Supreme Court Laments ‘Mini Epidemic’ of Shifting Arguments

April 1, 2025, 2:42 PM UTC

Several US Supreme Court justices this term have lamented perceived post-grant bait and switches by the parties, with advocates advancing new rationales for their sides or urging the court to decide new issues they didn’t agree to take up.

The phenomenon isn’t new, but in a habeas case on Monday, Justice Samuel Alito suggested that it’s particularly acute this term.

“We’ve had a mini epidemic of cert petitions that have convinced us to take a case because there’s supposedly a conflict on a certain issue,” Alito said. Once the case is granted, “the argument that is advanced by the petitioners, is quite a bit different from what we were sold at the petition stage.”

“Is this another outbreak of the same disease?” he asked the petitioner in Rivers v. Guerrero.

It isn’t obvious why arguments have been so amorphous this term.

The critiques from the justices have come from across the ideological spectrum and in all sorts of cases, including securities litigation, excessive police force, employment discrimination and intellectual property.

But it’s led to narrow rulings, unanswered questions, and possibly prompted the court to dismiss disputes after they’ve been argued.

Haynes and Boone partner Daniel Geyser said it’s understandable why such switches would trouble the court, which grants a case to decide a specific question, “not just anything the parties feel like briefing.”

Shrinking Docket

Hogan Lovells partner Sean Marotta said that the court’s decision to hear fewer case might be behind the late-breaking changes in position.

The court’s caseload has dropped dramatically since the 1980s, when the justices decided well over 100 cases. This term, the justices are on pace to resolve 59 disputes after briefing and argument.

With the court’s shrinking docket, the parties “have access to expert Supreme Court counsel that will tailor their merits-stage arguments to what they think are most likely to resonate” with the justices, Marotta said. Even “if it’s not exactly what was argued in the petition or brief in opposition.”

And Geyser said the switch can happen on both sides of a case.

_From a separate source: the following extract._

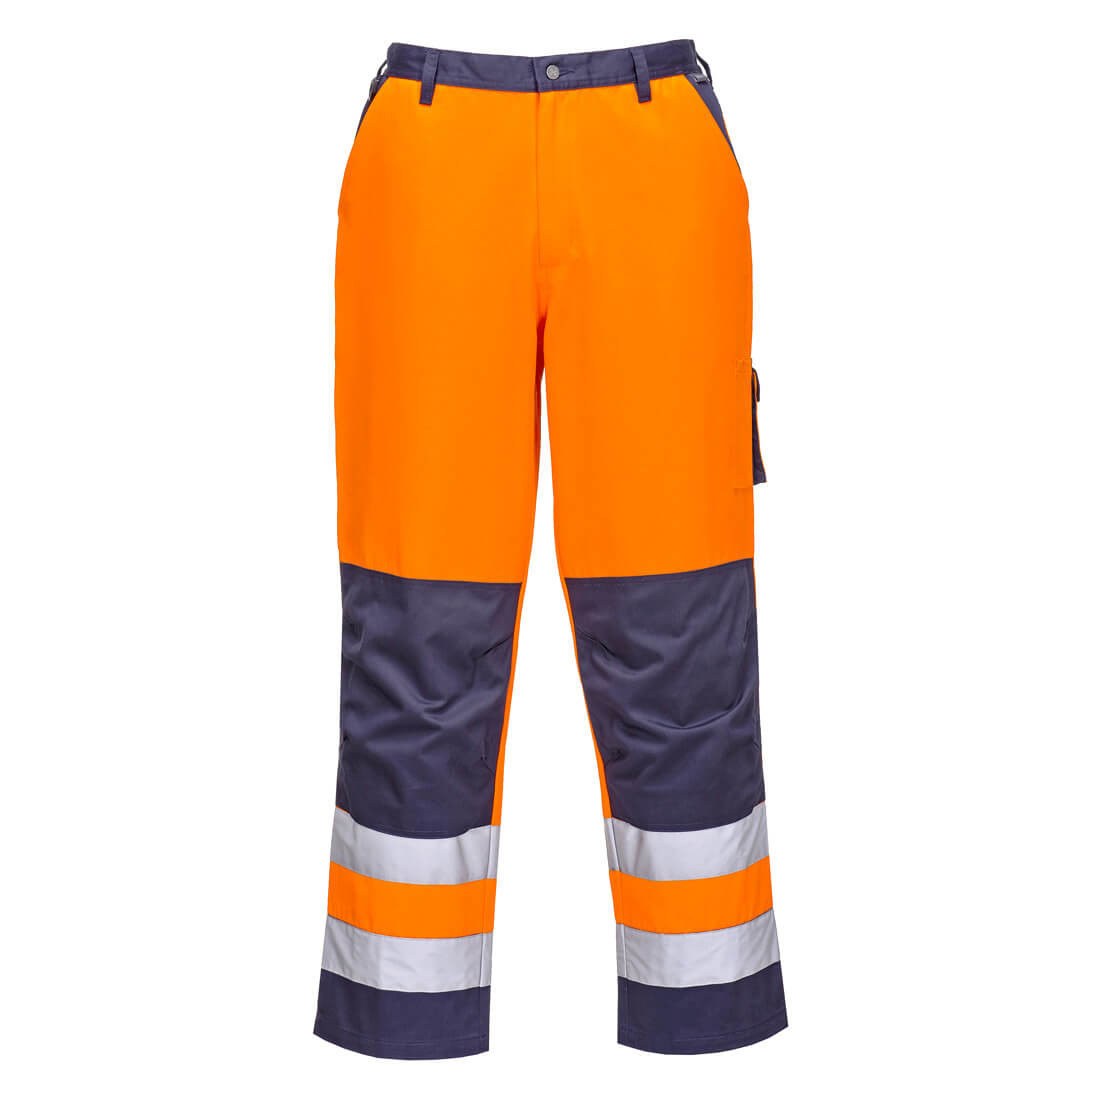 Pantaloni Lyon HiVis - Imbracaminte de protectie

For petitioners, it happens when a party “tees up” a circuit split to get the court’s attention, but then “pivots” to a slightly different issue to secure greater—or any—relief.

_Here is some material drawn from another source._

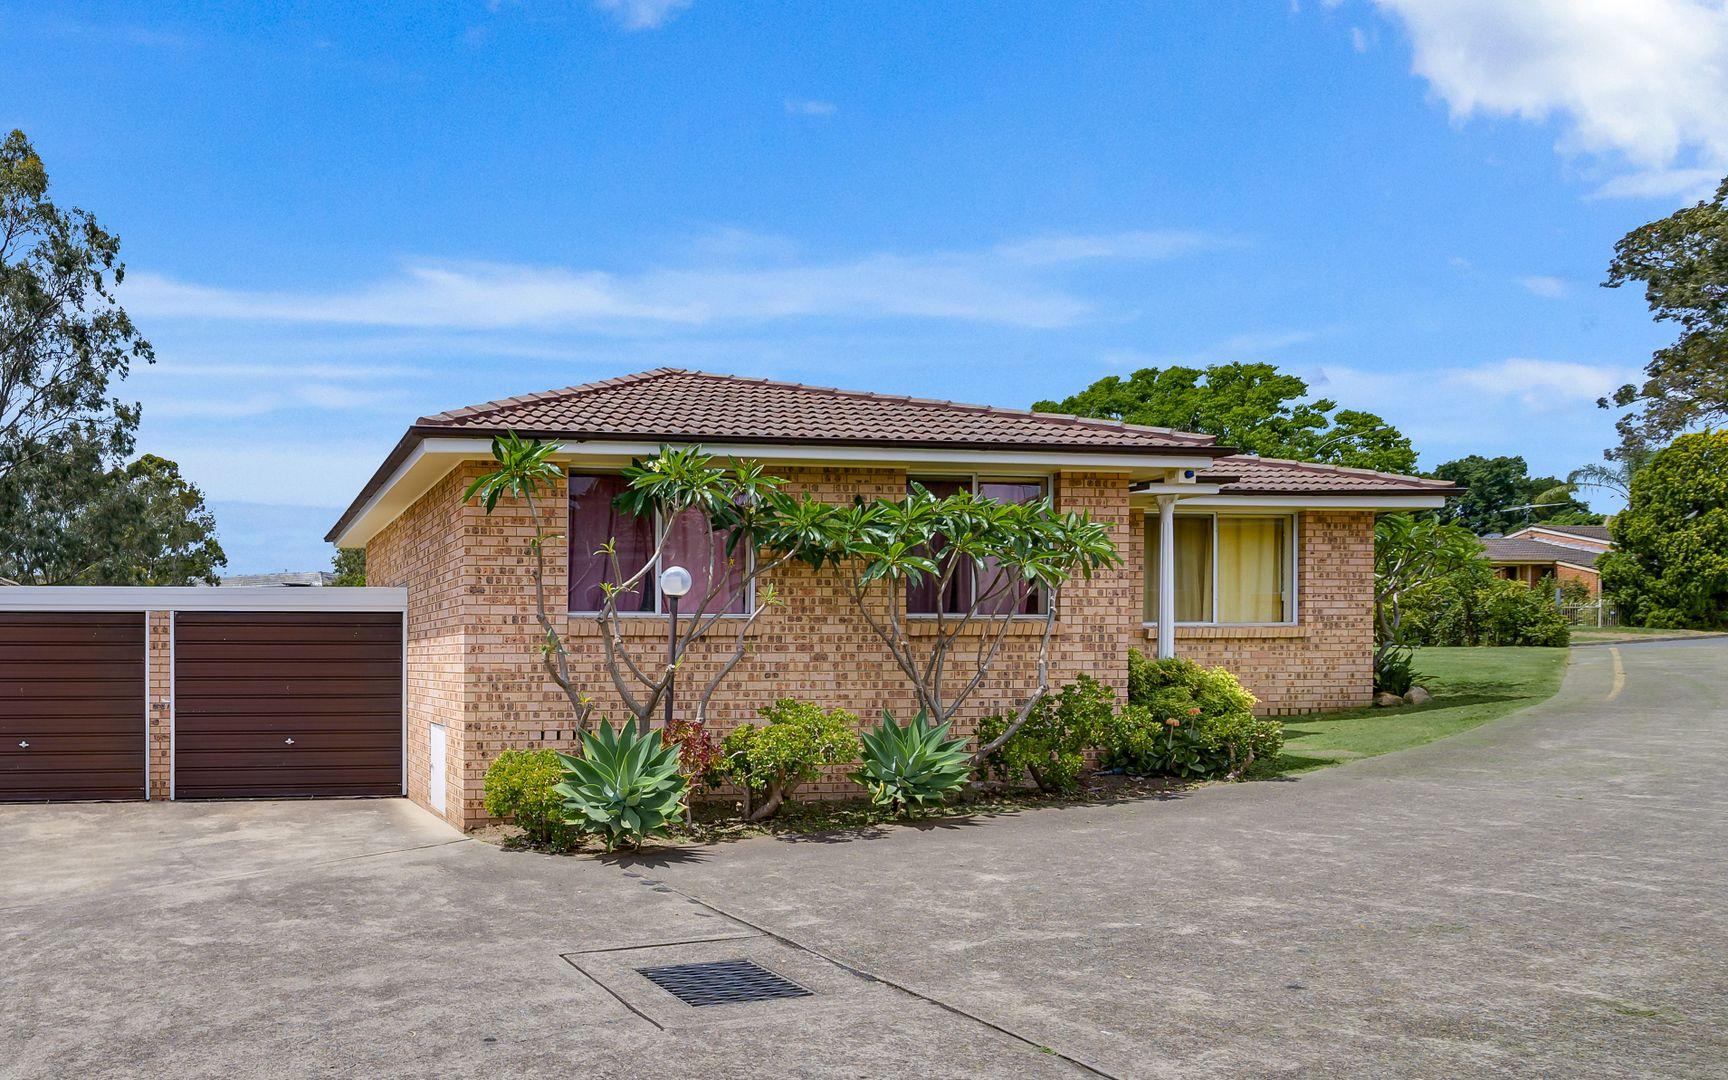 30/4 Sitella Place, Ingleburn NSW 2565, Image 0

In the securities case Facebook, Inc. v. Amalgamated Bank, Justice Sonia Sotomayor accused the petitioner of switching up the question granted. “That’s a different issue,” she said. “That’s not what we granted cert on.”

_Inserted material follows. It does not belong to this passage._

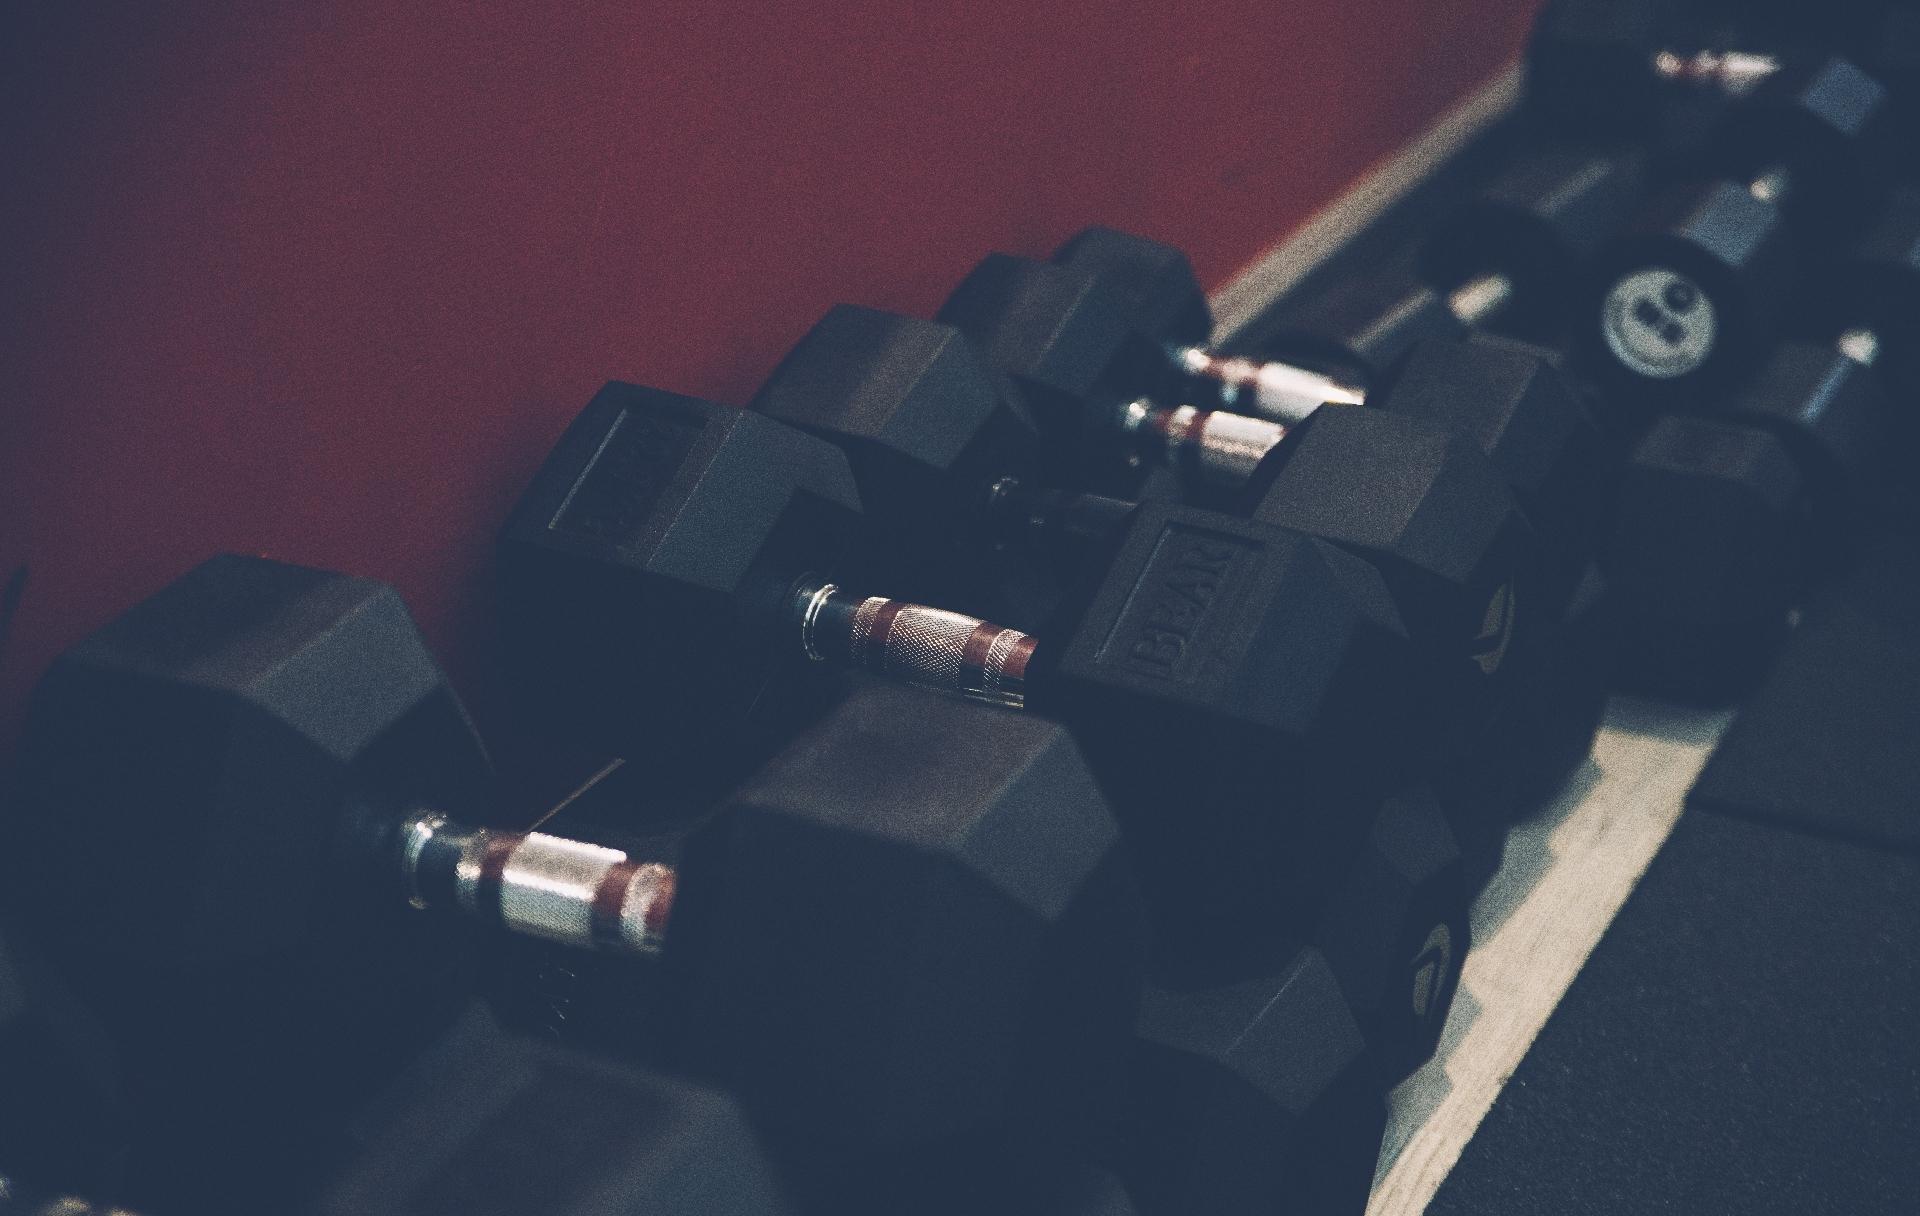 pump alma sport lecce palestra crossfit gag addominali gambe glutei

On the flip side, Geyser said respondents may switch up the arguments when they “realize it’s harder to defend the actual QP than retreat to alternative grounds,” referring to the question presented or “QP.”

In the excessive force case Barnes v. Felix, Justice Ketanji Brown Jackson said she was “surprised” by the respondent’s seemingly new argument.

“What we did not take cert on is the question that you’re raising, a very important question, probably one on which there is some confusion, wouldn’t be a surprise to me, but definitely not the question in this case,” Jackson said. It “does not seem to me we’re well-positioned in this case to discuss.”

Geyser said the respondent might urge the justices to address an issue that could set them up better for success on remand.

That’s seemingly what happened in the employment discrimination case Ames v. Ohio Department of Youth Services, with Justice Brett Kavanaugh noting that arguments were “pretty far afield from the question presented.”

Justice Elena Kagan said the issues pushed by the respondents were “orthogonal to the question we took.” Why would the court use this case, which is about a narrow question, “to opine on a range of things that have nothing to do with that question?” Kagan asked.

In addition to creating frustration for the justices, the changed positions can result in narrow rulings and even unanswered questions.

Although the court didn’t explain its reason for doing so, the justices ultimately dismissed the Facebook case, saying it never should have been granted in the first place.

The court similarly dismissed the securities case NVIDIA Corp. v. E. Ohman J:or Fonder AB. “It does strike me that there’s some delta between what you’re asking us to do today and what your QP says,” Justice Neil Gorsuch said during arguments.

In the trademark case Dewberry Group, Inc. v. Dewberry Engineers Inc., Justice Amy Coney Barrett said there was “vehement agreement on the narrow QP” that the court agreed to decide. She suggested the court leave for another day the harder questions the parties had advocated during arguments.

The court did just that in its Feb. 26 ruling. “In remanding this case for a new award proceeding, we leave a number of questions unaddressed.”